(adapted from a Zoom interview between Samantha Rydzewski and Sarah Lapean)
Samantha Rydzewski, a computer science and math double major, took some time out of her busy schedule on March 22 to tell us about her thesis with the computer science department. She is looking at suboptimal attacks against machine learning models, and investigating how they compare to optimal attacks.
The journey towards her thesis began the summer after her first year, when she participated in the SURF program with Professor Scott Alfeld, who would later become her advisor. It was a machine learning project, and it got her hooked. She also discovered that she enjoys working on long-term projects, and that she learns more from their longevity. After that summer, she took more computer science classes and attended thesis talks. She saw a computer science thesis as an exciting way to challenge herself in her senior year and keep herself engaged.
The topic of her thesis is adversarial machine learning. Machine learning finds stuff in data to build a model which then performs a set task, such as a spam filter learning to differentiate between spam and not spam. Adversarial machine learning, therefore, “focuses on the idea that there is someone who wants to manipulate the process of machine learning.” Imagine there is someone trying to fool the spam filter. That’s where Samantha comes in.
Most literature focuses on how to make the best optimal attack. Samantha works on the opposite end of the spectrum – an attacker in the real world who does not know machine learning, and is “just some guy typing away at his computer, seeing what will happen.” How would you model these types of attacks – suboptimal attacks?

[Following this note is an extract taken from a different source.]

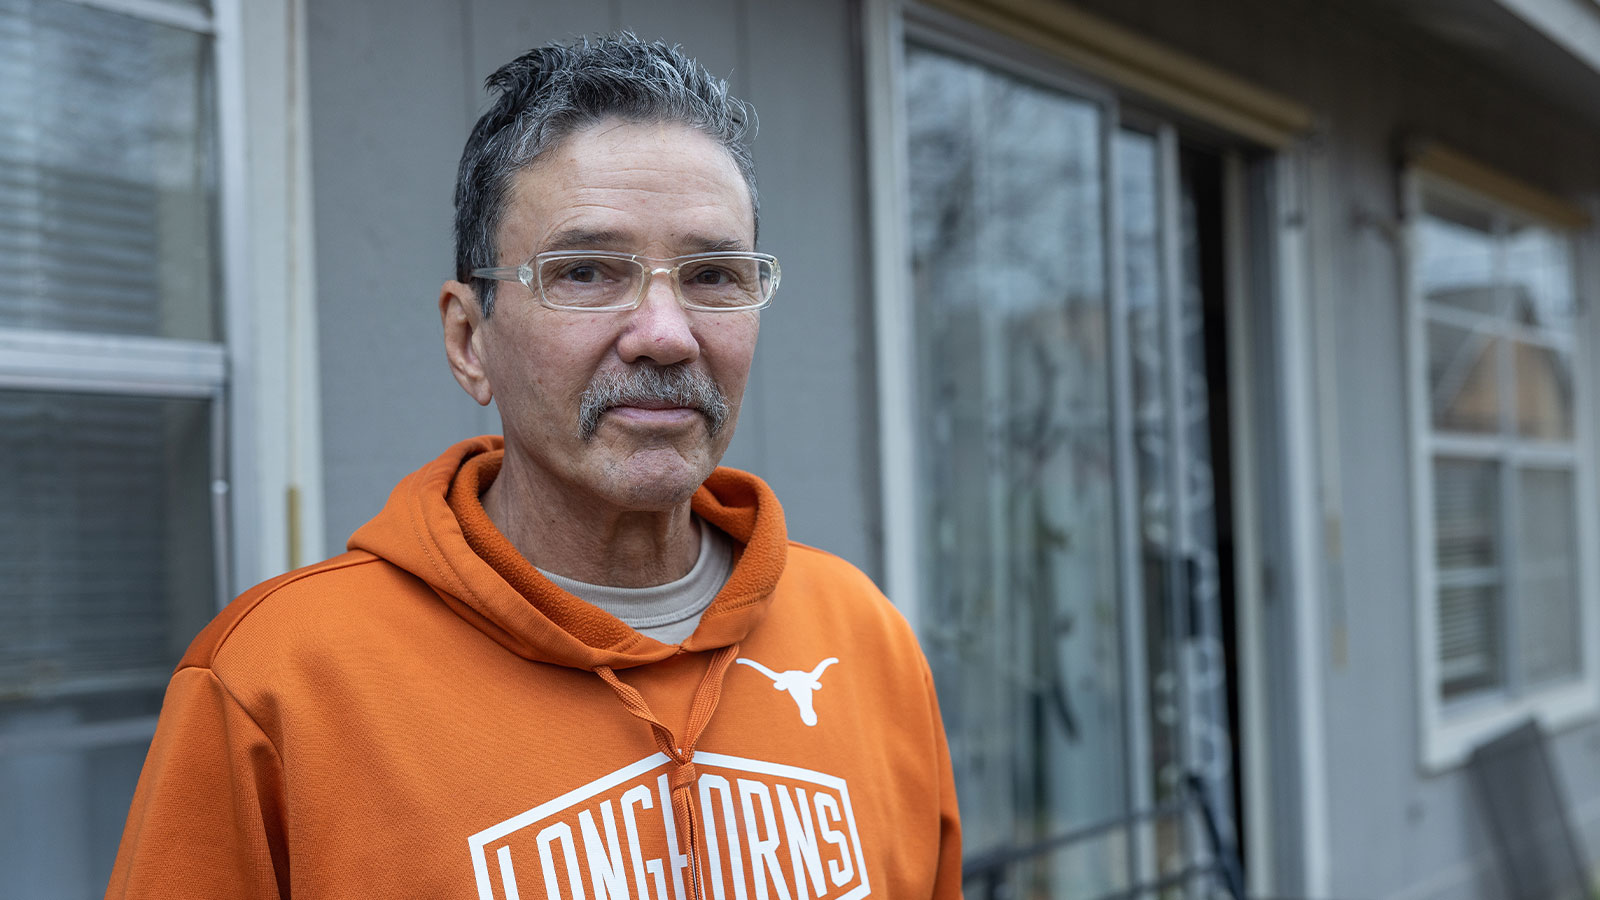 Jimmy Dee Stout outside his brother’s home in Round Rock, Texas. The idea of battling cancer in a prison with high covid-19 rates troubled Stout, whose respiratory system was compromised. “My breathing was horrible,” he said. “If I started to walk, it was like I ran a marathon.

Her research consists of two parts. First, she generates fake data – data that is “nice, pretty, easy to play with.” She puts this data into the model, and a learner is created. Next, Samantha applies her suboptimal attack, followed by the optimal attack. She can then play around with parameters, increasing and decreasing various aspects to see how it affects the process. Every time she runs a test, she gets a score, which reflects how well she fooled the learner. The second part of her research will involve taking real world data (such as image recognition data and spam filter data sets) and running her attacks to see what happens.
Samantha typically devotes time to her thesis on Tuesdays. She goes to the comp-sci thesis room in the Science Center and sets herself up amongst the giant monitors and white boards. She either works on her thesis draft or on coding some new part of her experiment. For a while, her typical day involved adapting code for specific attacks and reading literature on the many different kinds of optimal attacks. She would look through the citations to see what their implementations looked like, and then bring that into her research. Recently, she’s been working on justifying her parameters. This requires coming up with new experiments and running tests. She has a weekly meeting with her advisor mapping out where she is, what’s her next task, and how she wants to get there.
Samantha believes that machine learning in tech is a hot topic right now, and people are rushing to incorporate it into daily life. However, she reminds us that machine learning, like any computer system, has vulnerabilities. Seemingly minor problems in machine learning can result in significant consequences in areas such as medicine and finance. You have to make sure it cannot be influenced, and that it’s working the way it’s supposed to.
As for advice for people considering writing a thesis, Samantha says don’t be intimidated to ask questions. She advises seriously considering what you want to research, and taking new classes until you find a professor that you click with. It is important to find an advisor you like, and who will give you the structure you need. Be proactive. Give yourself deadlines. Start reading over the summer. Don’t procrastinate (even though everybody does).
P.S. She really is obsessed with the CS thesis lounge.